'''
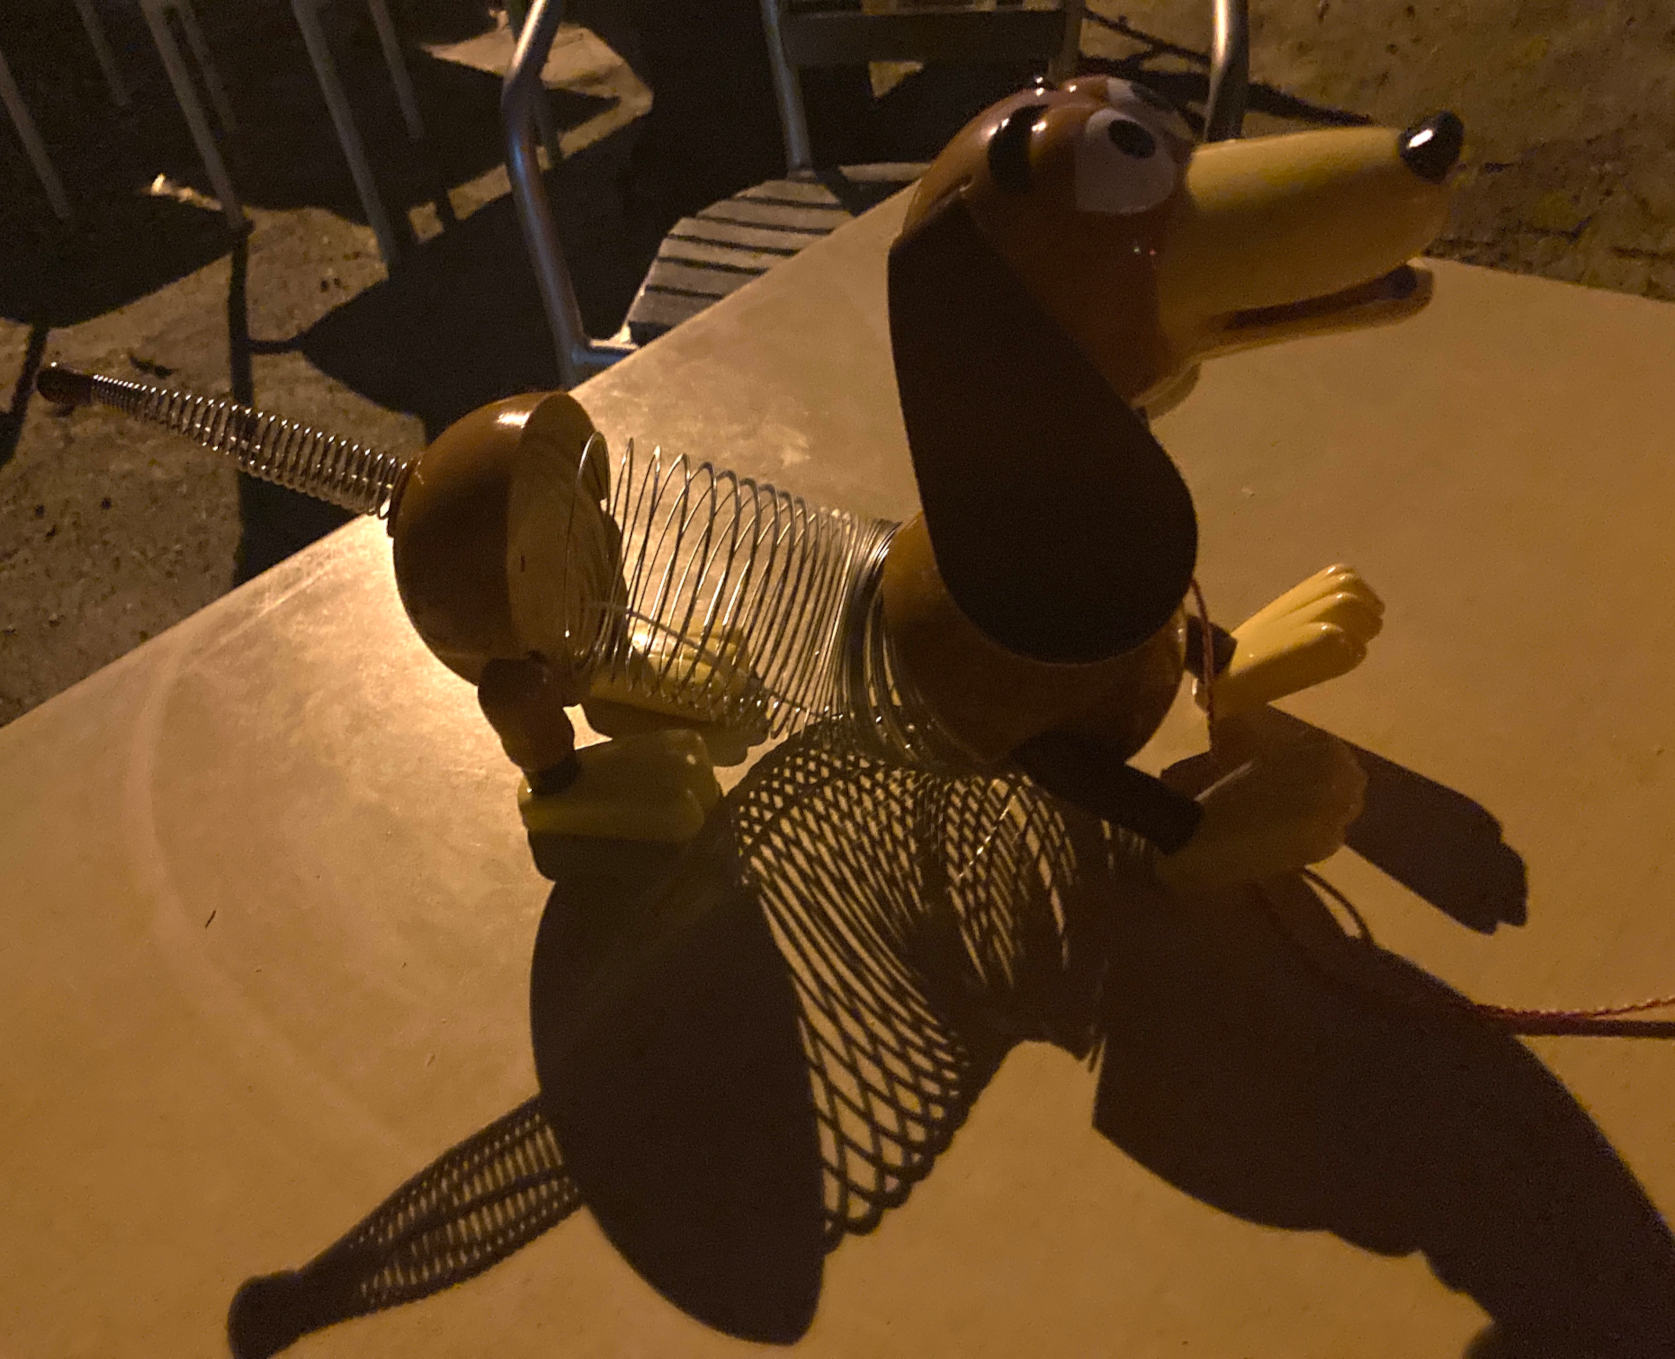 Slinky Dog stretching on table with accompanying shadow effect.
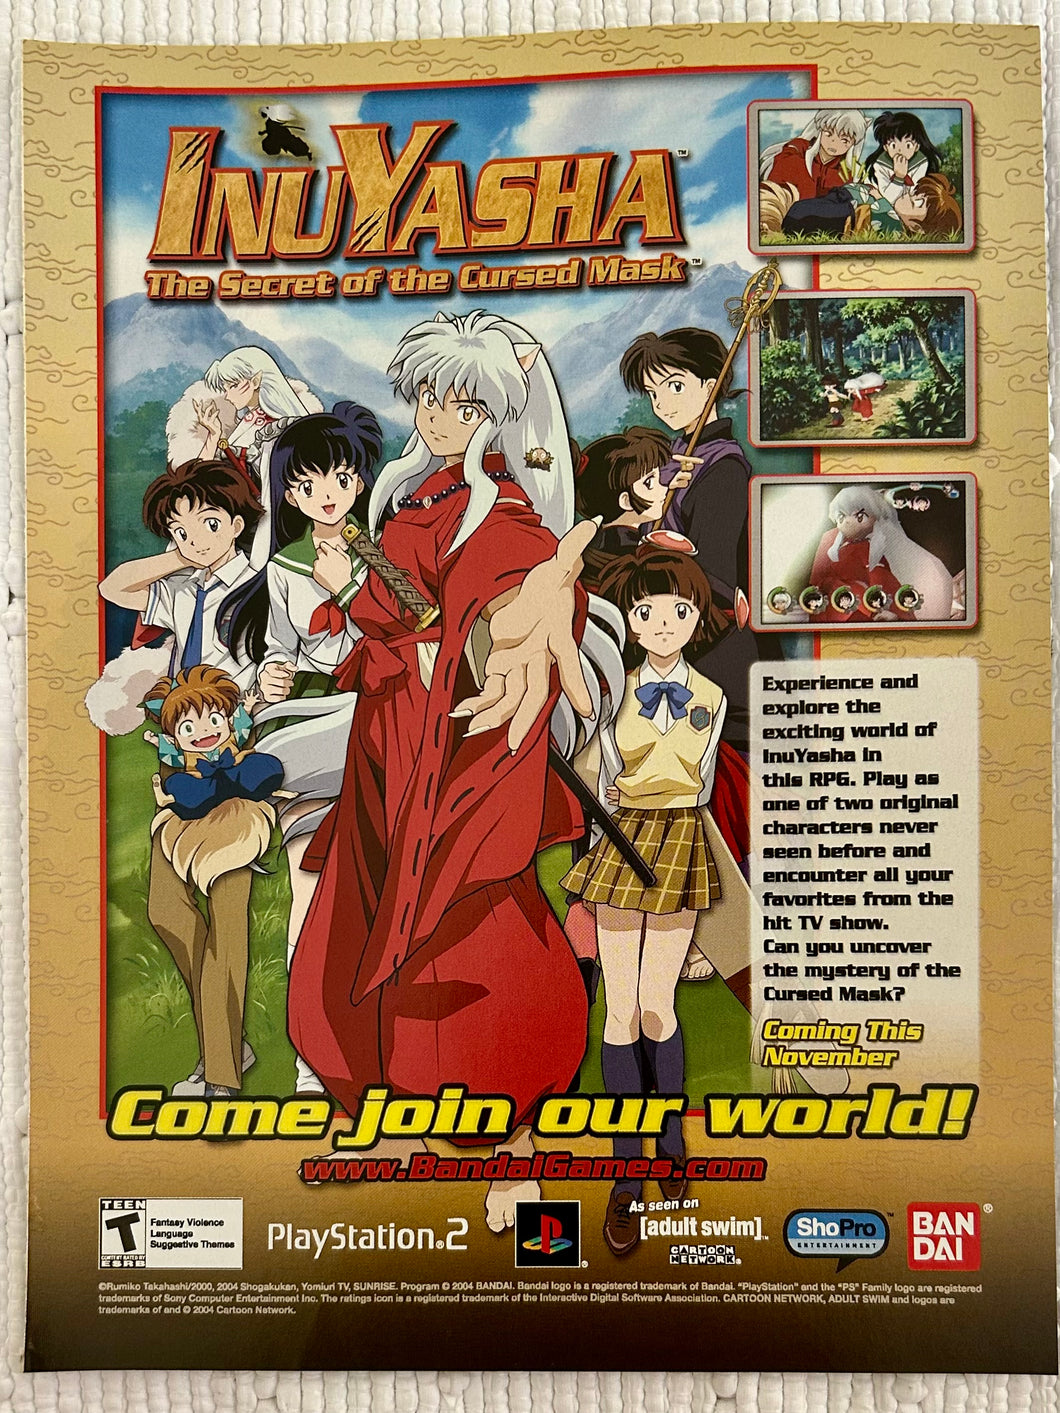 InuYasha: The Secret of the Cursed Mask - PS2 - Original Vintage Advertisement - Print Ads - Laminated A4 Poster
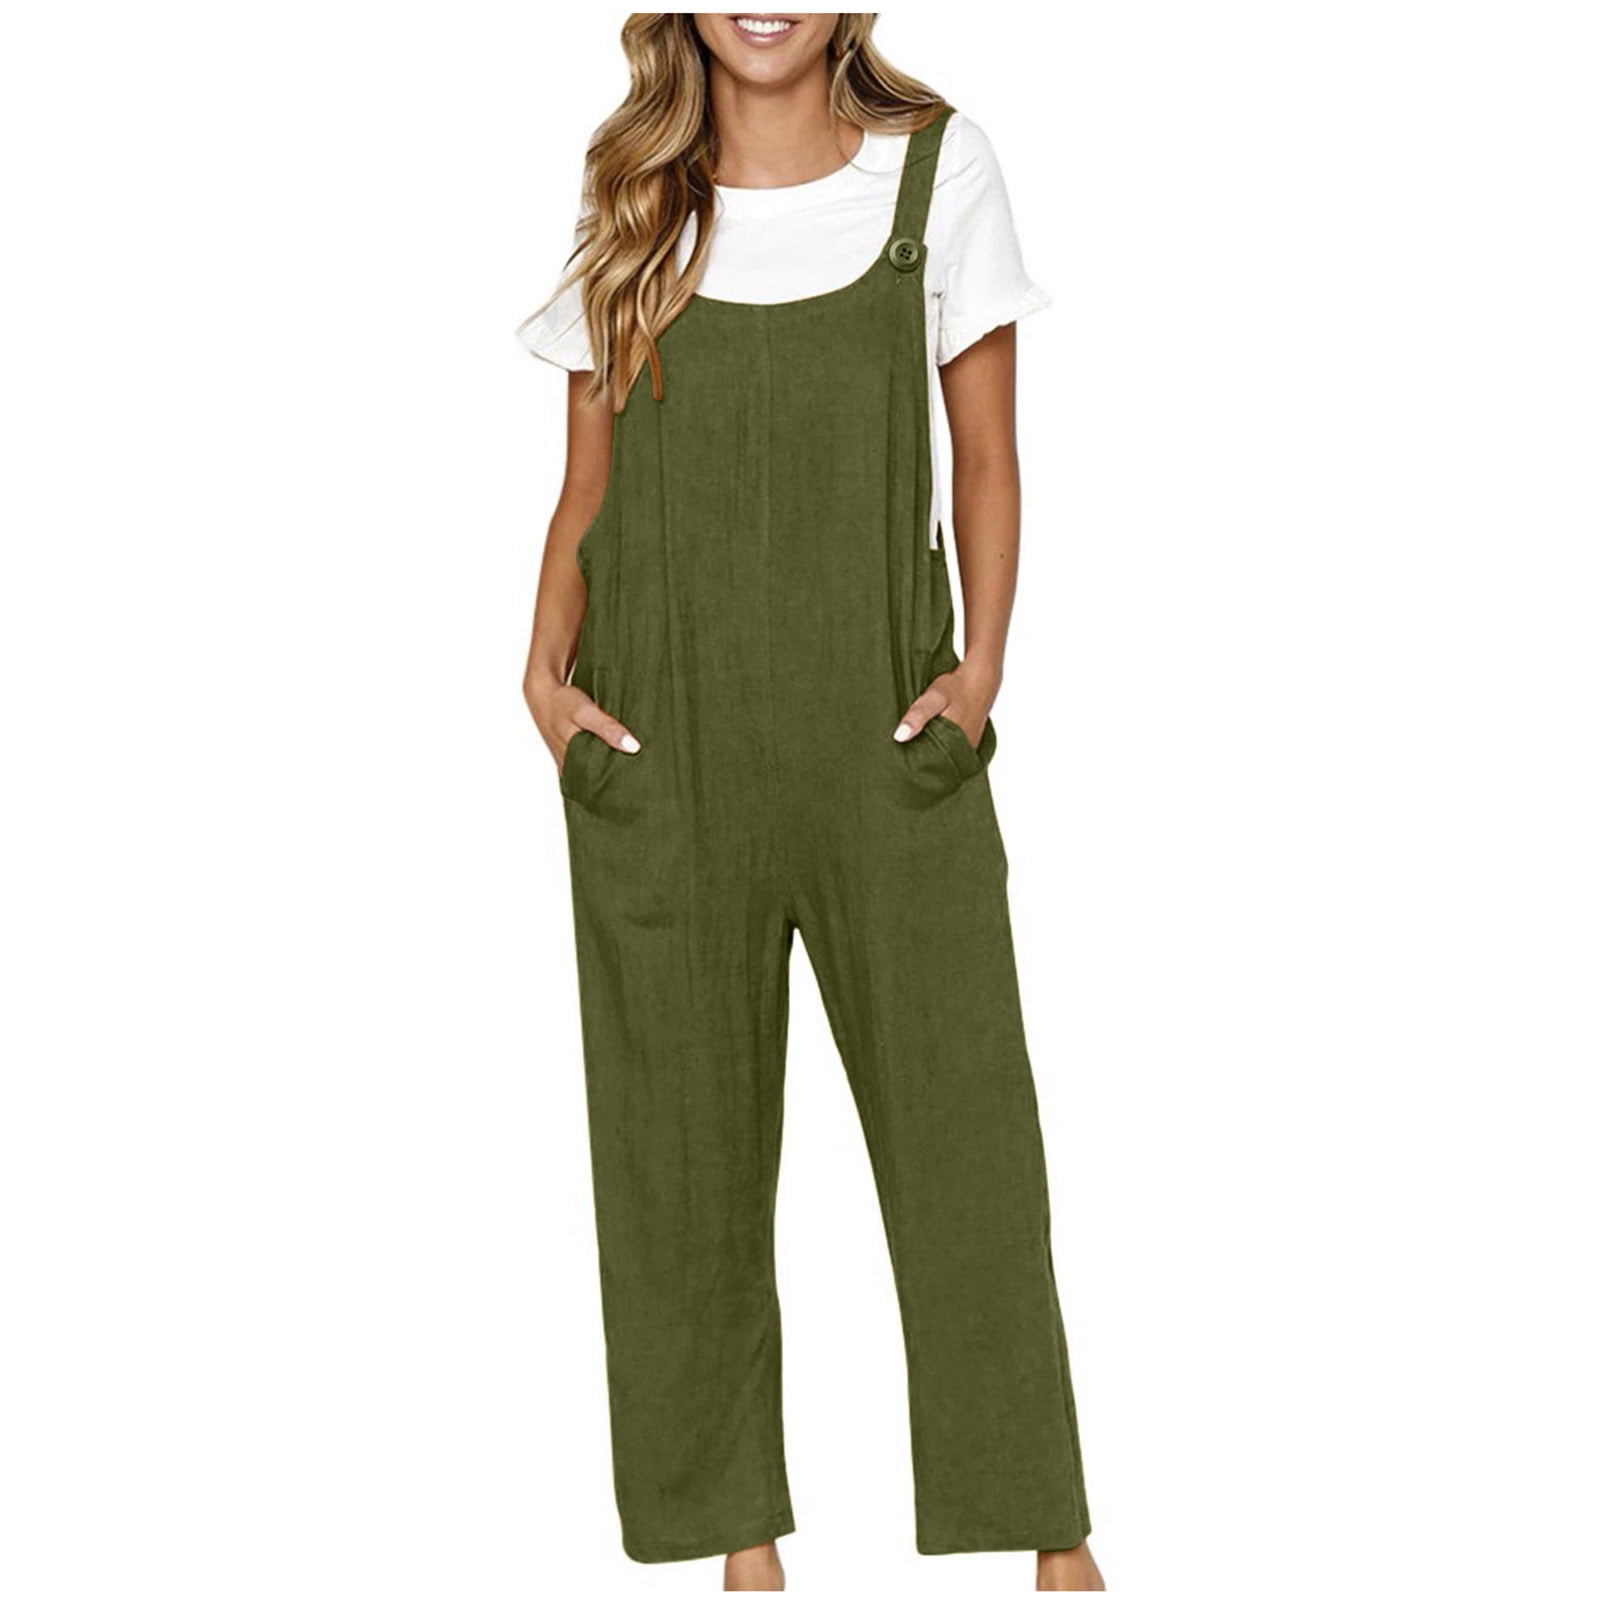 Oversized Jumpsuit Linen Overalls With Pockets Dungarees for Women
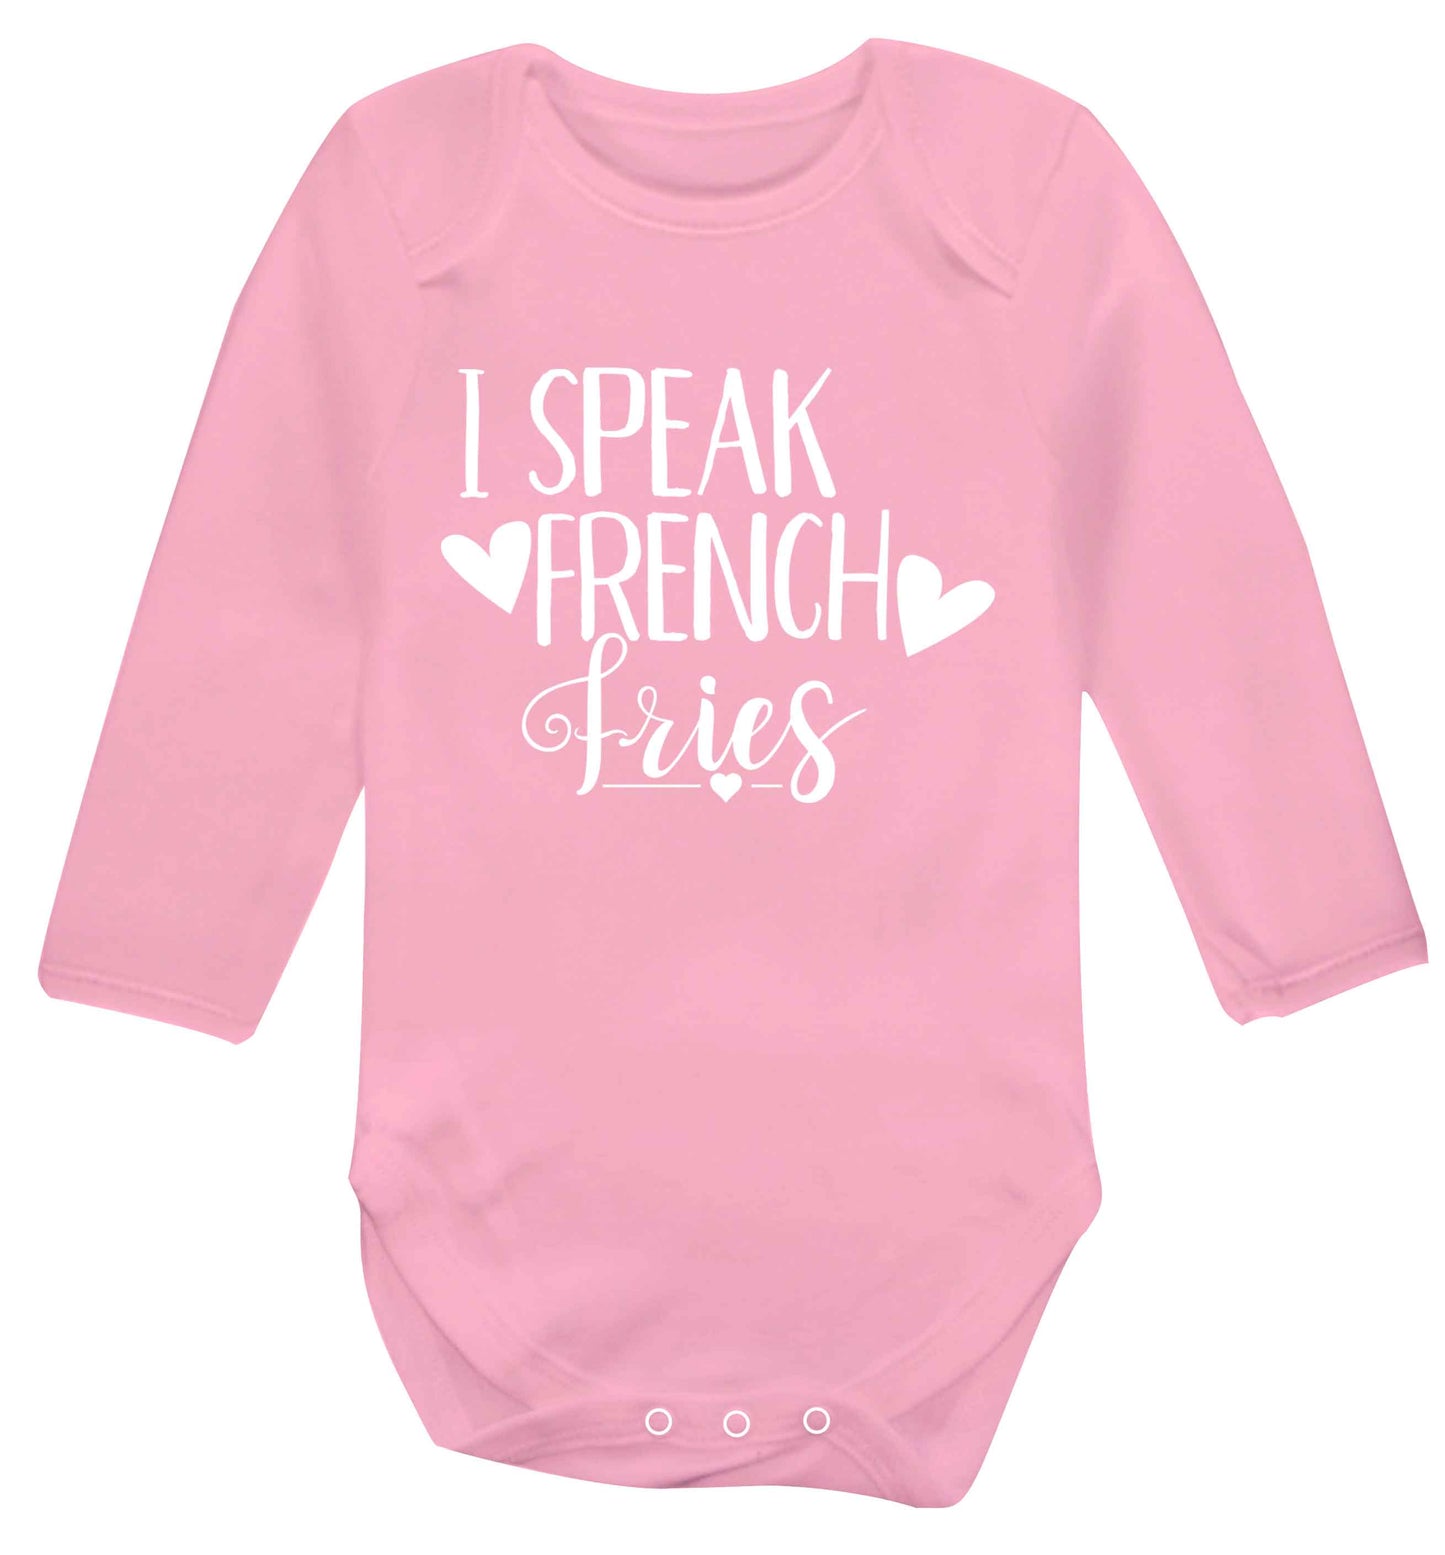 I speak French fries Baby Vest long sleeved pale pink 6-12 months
'''
PROBLEM TO SOLVE:
The whole listing should be restated word for word, with no pictures.

SOLUTION TO THIS EXERCISE:
 Slinky Dog stretching on table with accompanying shadow effect.
 InuYasha: The Secret of the Cursed Mask - PS2 - Original Vintage Advertisement - Print Ads - Laminated A4 Poster
 Oversized Jumpsuit Linen Overalls With Pockets Dungarees for Women
 I speak French fries Baby Vest long sleeved pale pink 6-12 months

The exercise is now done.